Said Ghawar, Ghani Anwar, Ullah Ata, Alzahrani Abdulrahman, Azeem Muhammad, Ahmad Rashid, Kim Do-Hyeun
Department of Computer Science, International Islamic University, Islamabad, 44000, Pakistan.
Department of Computing and Technology, Iqra University, H-9 Campus, Islamabad, 44000, Pakistan.
Sci Rep. 2024 Sep 4;14(1):20595. doi: 10.1038/s41598-024-71682-y.
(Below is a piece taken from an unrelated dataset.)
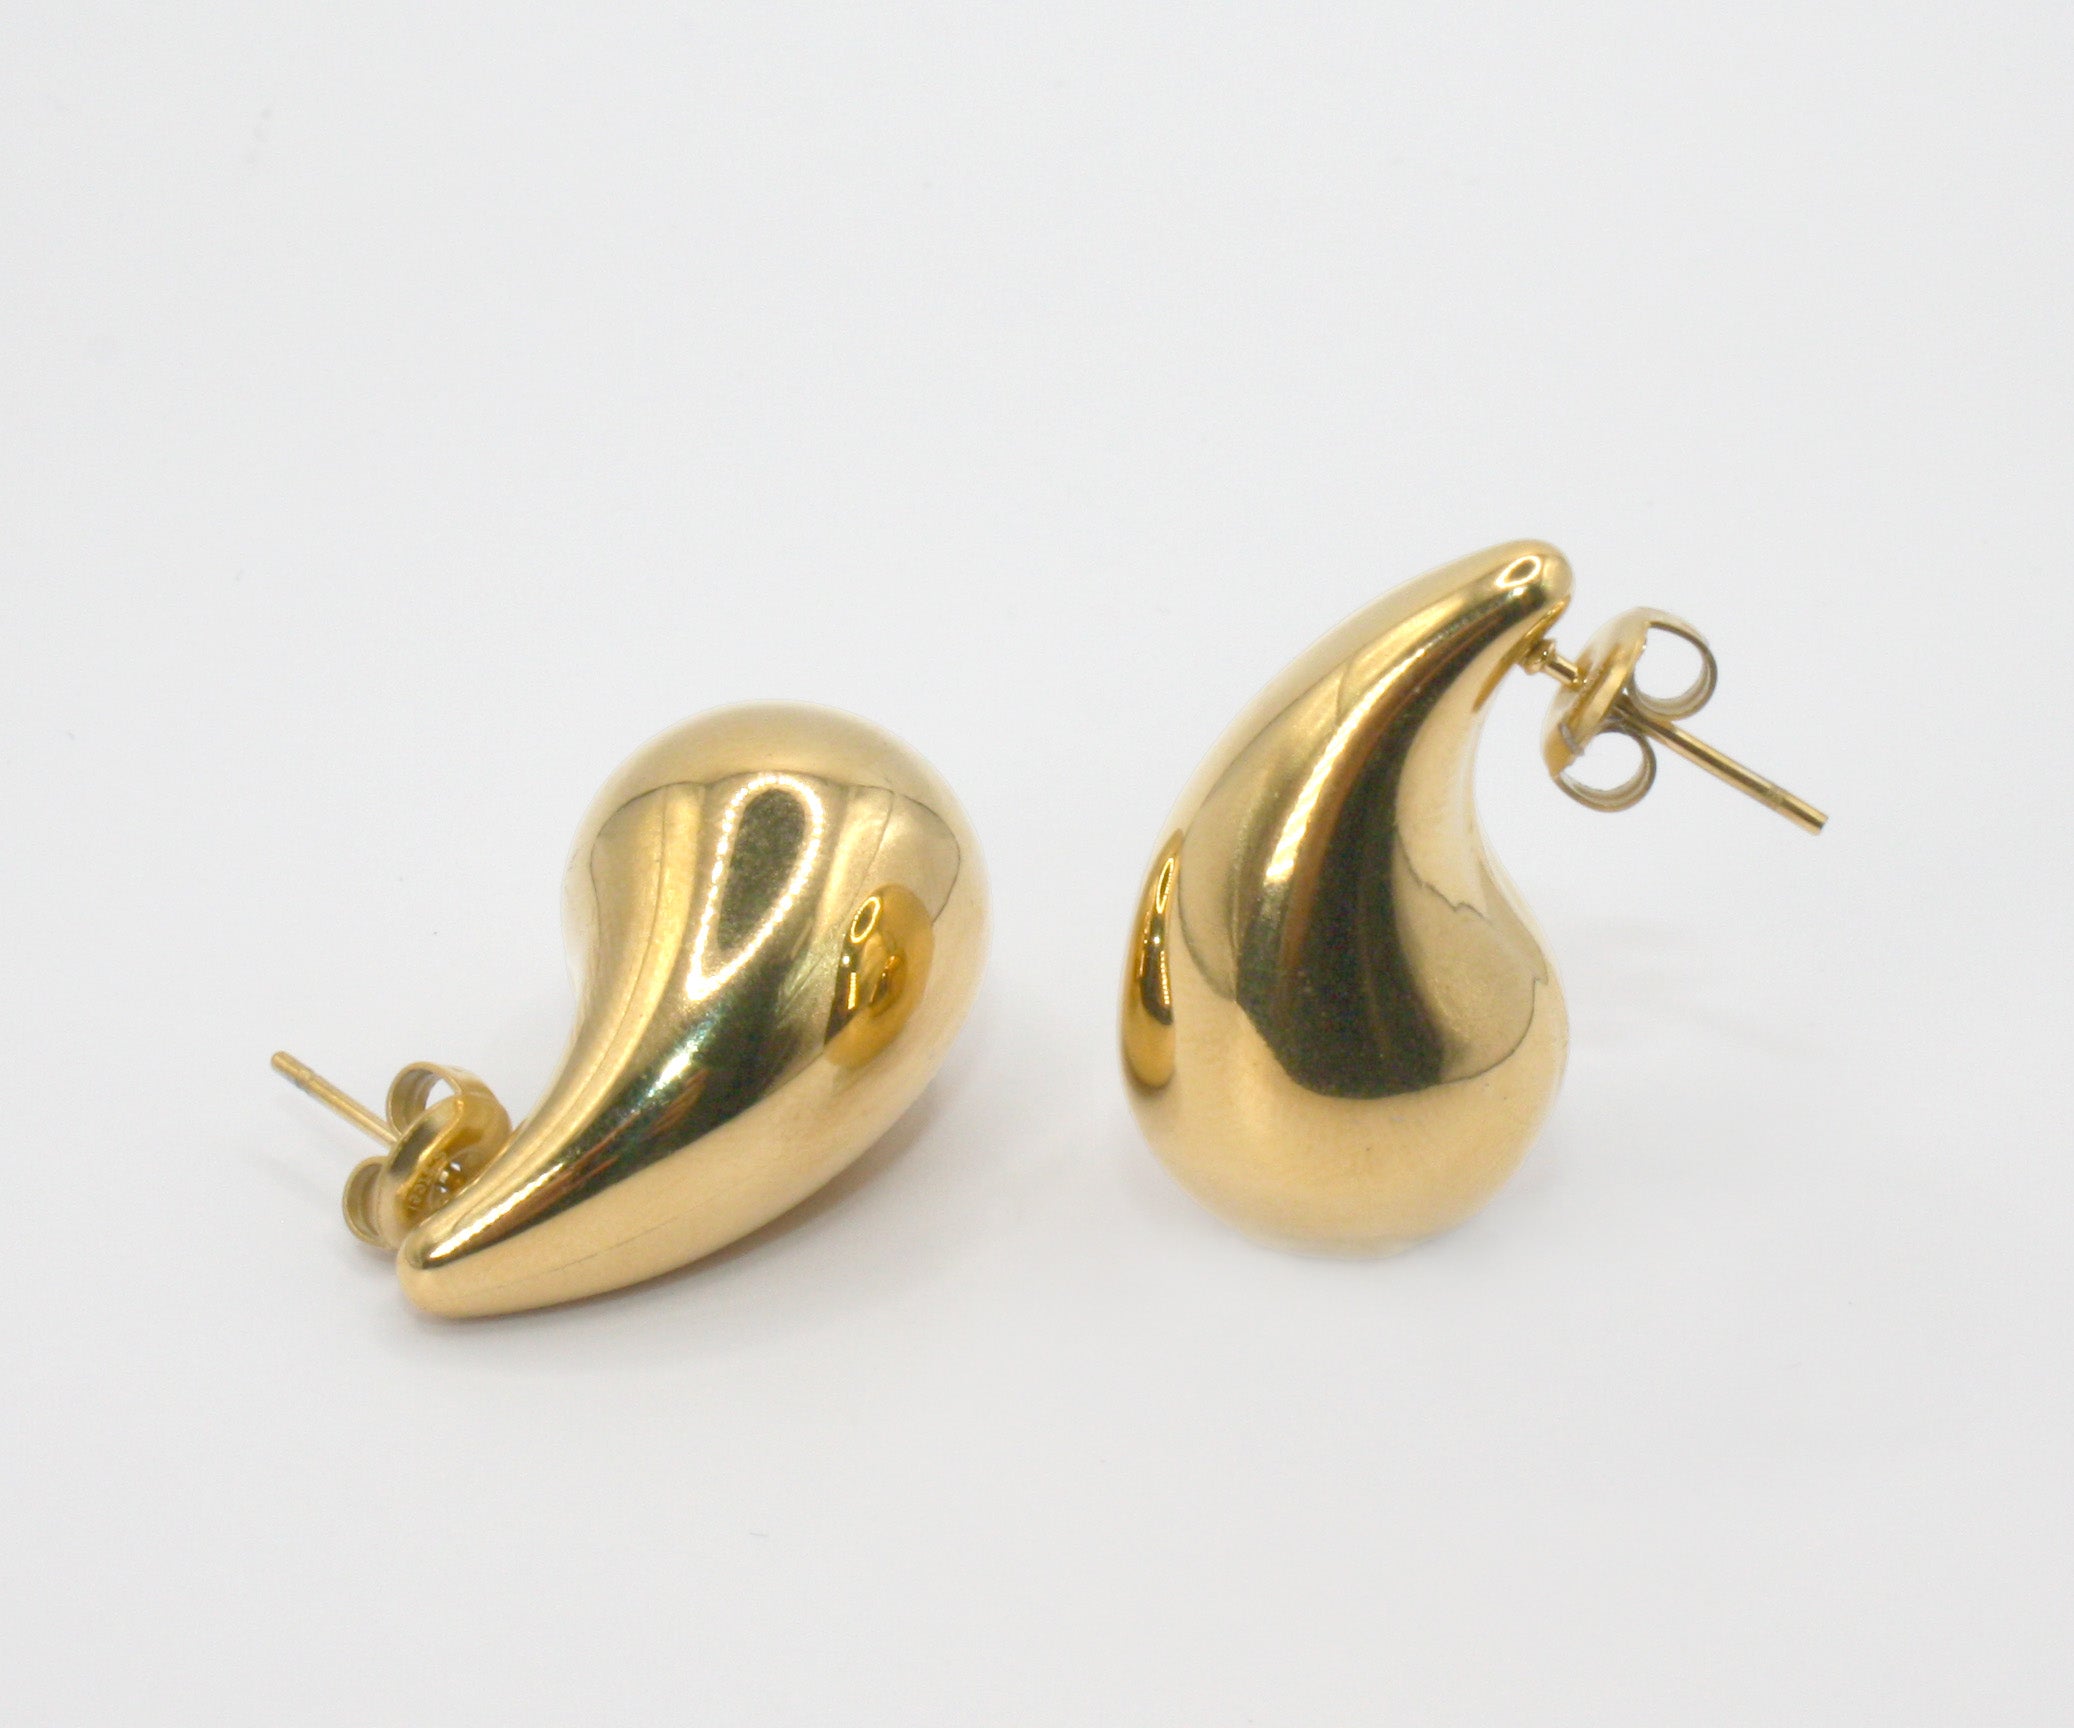 Colección Bold gold | Pendientes Medium Drop de acero inoxidable bañados en oro 14k. Marca Vesiica.

The Internet of Things (IoT) generates substantial data through sensors for diverse applications, such as healthcare services. This article addresses the challenge of efficiently utilizing resources in resource-scarce IoT-enabled sensors to enhance data collection, transmission, and storage. Redundant data transmission from sensors covering overlapping areas incurs additional communication and storage costs. Existing schemes, namely Asymmetric Extremum (AE) and Rapid Asymmetric Maximum (RAM), employ fixed and variable-sized windows during chunking. However, these schemes face issues while selecting the index value to decide the variable window size, which may remain zero or very low, resulting in poor deduplication. This article resolves this issue in the proposed Controlled Cut-point Identification Algorithm (CCIA), designed to restrict the variable-sized window to a certain threshold. The index value for deciding the threshold will always be larger than the half size of the fixed window. It helps to find more duplicates, but the upper limit offset is also applied to avoid the unnecessarily large-sized window, which may cause extensive computation costs. The extensive simulations are performed by deploying Windows Communication Foundation services in the Azure cloud. The results demonstrate the superiority of CCIA in various metrics, including chunk number, average chunk size, minimum and maximum chunk number, variable chunking size, and probability of failure for cut point identification. In comparison to its competitors, RAM and AE, CCIA exhibits better performance across key parameters. Specifically, CCIA outperforms in total number of chunks (6.81%, 14.17%), average number of chunks (4.39%, 18.45%), and minimum chunk size (153%, 190%). These results highlight the effectiveness of CCIA in optimizing data transmission and storage within IoT systems, showcasing its potential for improved resource utilization and reduced operational costs.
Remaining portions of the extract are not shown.